Gustavo Arellano's grounbreaking column Ask a Mexican is saying adiós. Sniff. Sniff. If you've been unaware about what its column's been all about for the last four years, you can always catch up at the OC Weekly's archive--the Orange County alternative newspaper where the Mexican's column was born--or click here to buy the first compilation of columns published in the form of a book (a second installment is planned for release in September).
Aiming to explain and translate the vast complexities of la mexicanidad that we Mexican immigrants have brought over the fence to mainstream America, Arellano has grown, in my humble opinion, into some sort of Carlos Monsiváis for the 21st. century when it comes to analyzing mexicanos. The great thing about Ask a Mexican is (was) that it talks about Mexicans in such a broader and intelligent sense that Arellano has managed to find so many common gestures that both Mexican immigrants and US born Mexican Americans share--not an easy intellectual task, by the way. And not just that. He has also found that nacos y fresas are, in many ways, hermanitos.

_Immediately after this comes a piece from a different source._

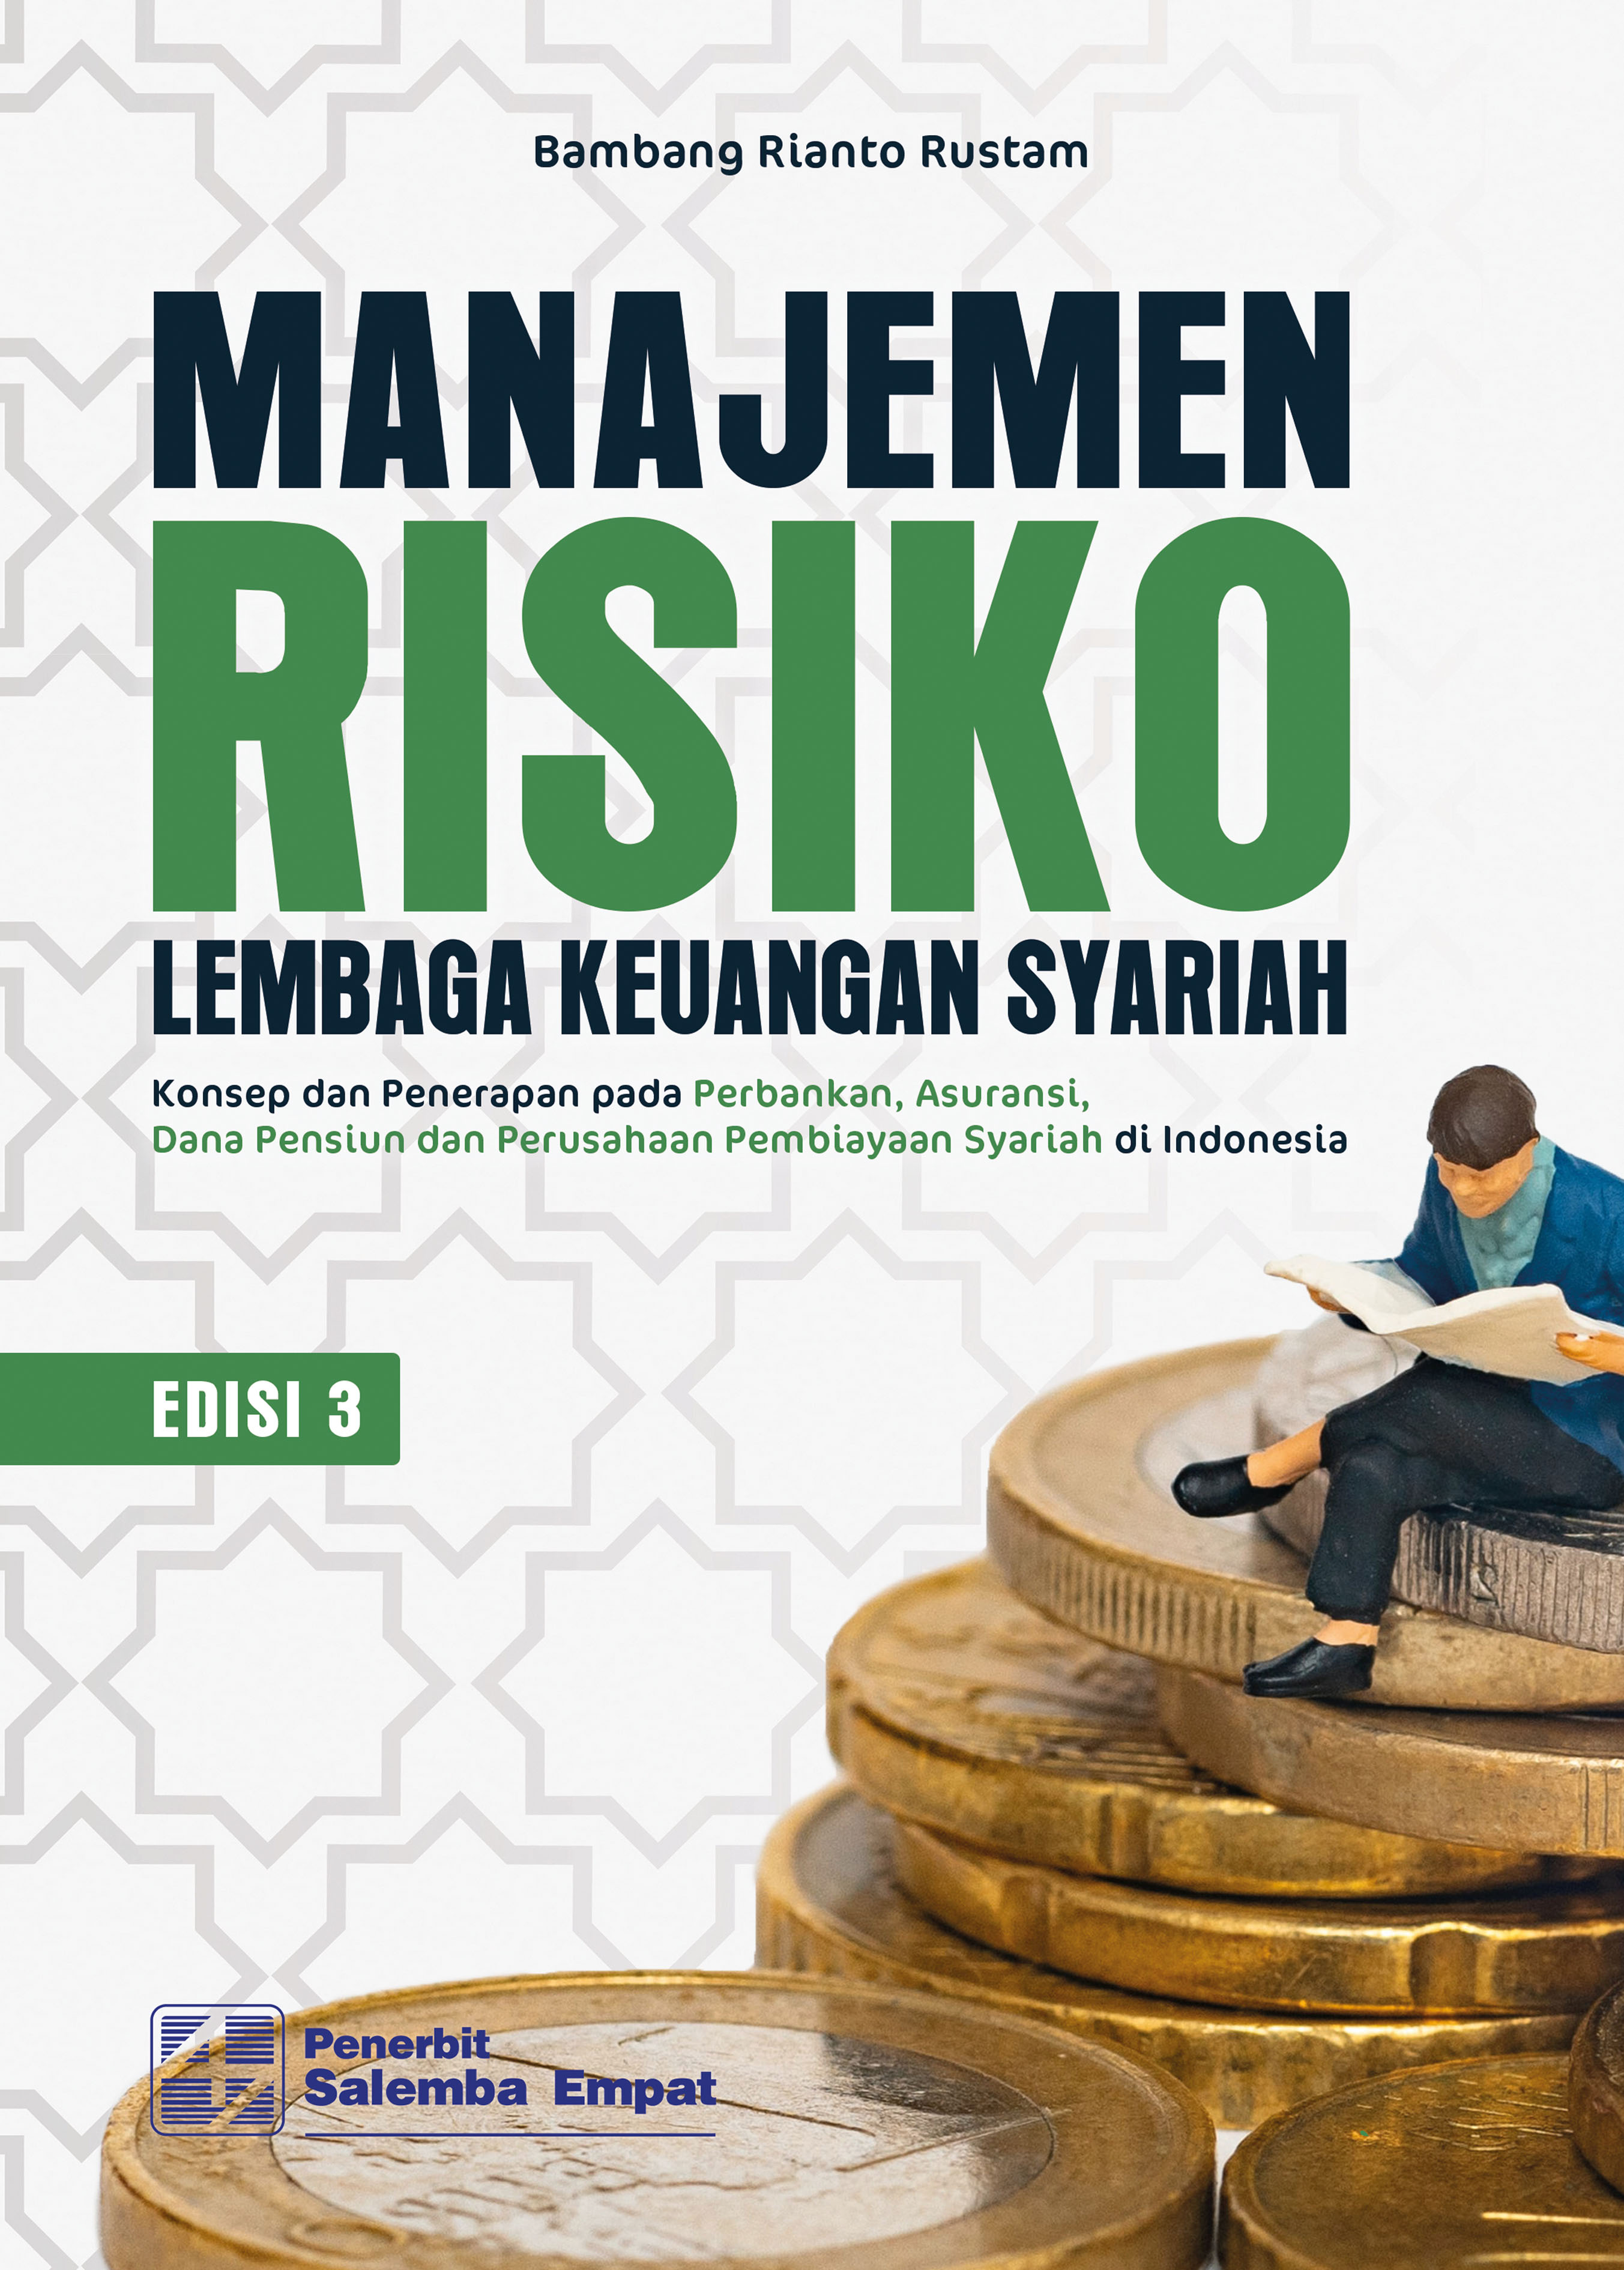 eBook Manajemen Risiko Lembaga Keuangan Syariah, Edisi 3: Konsep dan Penerapan pada Perbankan, Asuransi, Dana Pensiun, dan Perusahaan Pembiayaan Syariah di Indonesia (Bambang Rianto Rustam)

Needless to say, his satirical language has proved extremely controversial reaching a point where it's hard to tell whether he agrees with Lou Dobbs' gospel or not--unless you're a Mexican. There you really get the point and can't help but praise his intuitiveness and clever ability to understand and decode an idiosyncrasy that's still a work in progress.
Anyway, es una pena que se acabe su columna, but I will try to do whatever I can to interview Arellano and offer you, dear Mexicanos y Mexicanas, an exclusive talk with him.
In the meantime, I leave you with his palabras de despedida. If you want to read his last Special Last Column Edition in full, píquenle aquí.
"SHAMELESS SELF-PROMOTION ALERT! And with this, the Mexican formally bids adios, effective the feast day of St. Melito. It’s been a great run, cabrones, but all the hateful e-mail, the attacks by PC pendejos and the fact that few of you have bothered to submit video questions to my YouTube channel wear on a guy, you know? Besides, like Mr. Dooley, Olle I Skratthult and The Katzenjammer Kids before me, this column’s time has come: It’s no longer necessary to explain Mexicans to Americans because Mexicans are Americans. Gracias for all the fights, the propositions of sexytime explosion, and the slugged-back tequila shots after book signings, but there’s a little ranchito in Zacatecas waiting for me and a barefoot muchacha ready to cook me dinner. Vaya con Dios, America, and always remember: Order the enchilada-and-taco combo TO GO."